After the wedding, Fancy moved to Dhaka with me. I left the hostel where I resided with other single men to live with her. We rented a small house in Shanti Nagar. It was a tiny house with just one room. A small veranda surrounded it, giving it the feel of a small drawing room. There were two plastic chairs on the veranda. Fancy decorated the house beautifully with plants and other household items.

After work, we would wander around Bailey Road or other markets. We enjoyed watching plays at the Women’s Association auditorium. We never missed any events at the World Literature Center. Occasionally, early in the morning, we would go for a walk at Ramna Park. It would be a quiet morning stroll, the roads free from the hustle and bustle. Groups of morning walkers and joggers could be seen occasionally. In the park, people were busy with group exercises.

This wonderful morning walk in Shanti Nagar was an added convenience for us. Despite many regional shortcomings — flooding, crowded roads, noise — we enjoyed these small pleasures.
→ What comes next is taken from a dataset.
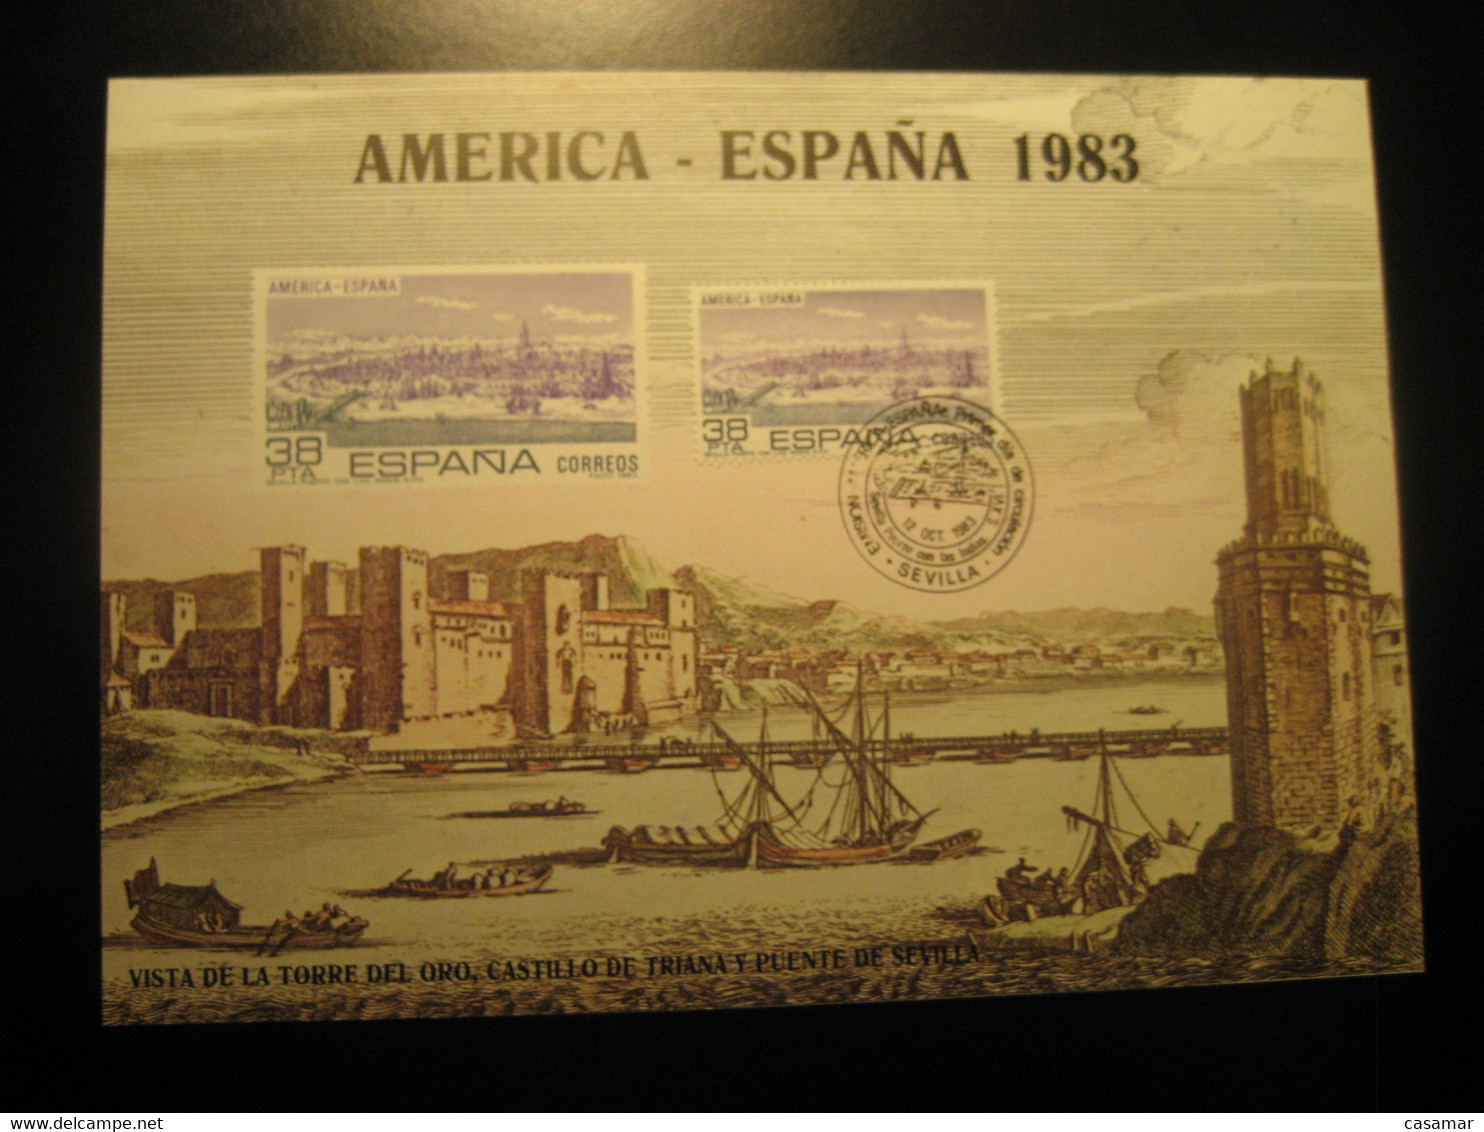 SEVILLA 1983 Puerto Con Las Indias Torre Del Oro Bridge Castle Cancel Big Card Proof SPAIN Document - Proofs & Reprints

When I went to the office, Fancy would stay home alone all day, so her mother sent a young girl to help her with household chores. This was a source of nuisance to me. When I returned home from work, Fancy would open the door, and I would carry her in my arms to the bed, then I would kiss her gently and affectionately — but then I could not continue because of the presence of the young maid in the tiny house.

To get the young maid out of the home, I would hand her some money and tell her to buy a box of matches from the grocery store, even though I didn’t smoke. Then, after she left, I would shower Fancy with affection.

In America, a young maid’s assistance was no longer available or affordable, and our mechanized way of life here took away much of our happiness. We both would desire to sleep together, but there was no way. I would need to be out driving my taxi, and she would need to work in the restaurant — it was work all the time. If I couldn’t drive, a lot of money would be lost because I had to make an advance payment to the car company.

So, against my will, I would get up early, give Fancy a quick kiss on the cheek and go to the bathroom. In just 10 minutes, I would be ready to leave, and I would head out to pick up my night-shift partner’s yellow cab.

I would open the car door and look back in Fancy’s direction, imagining that both of us were silently creating dreams in our minds, dreams of being back in Dhaka. Dreams of having a small apartment in Shanti Nagar and our own car. The small joys of Dhaka would welcome us once again; I was sure of it.

This all happened a long time ago. We never did move back to Dhaka. Instead, we made a life here in Queens. As our love grew, our dreams changed. We had a child, a daughter, who’s now a doctor.

I haven’t driven a taxi in a long time, but that taxi was our start. I guess you could call it the American dream.

Abdullah Zahid is a librarian in Queens.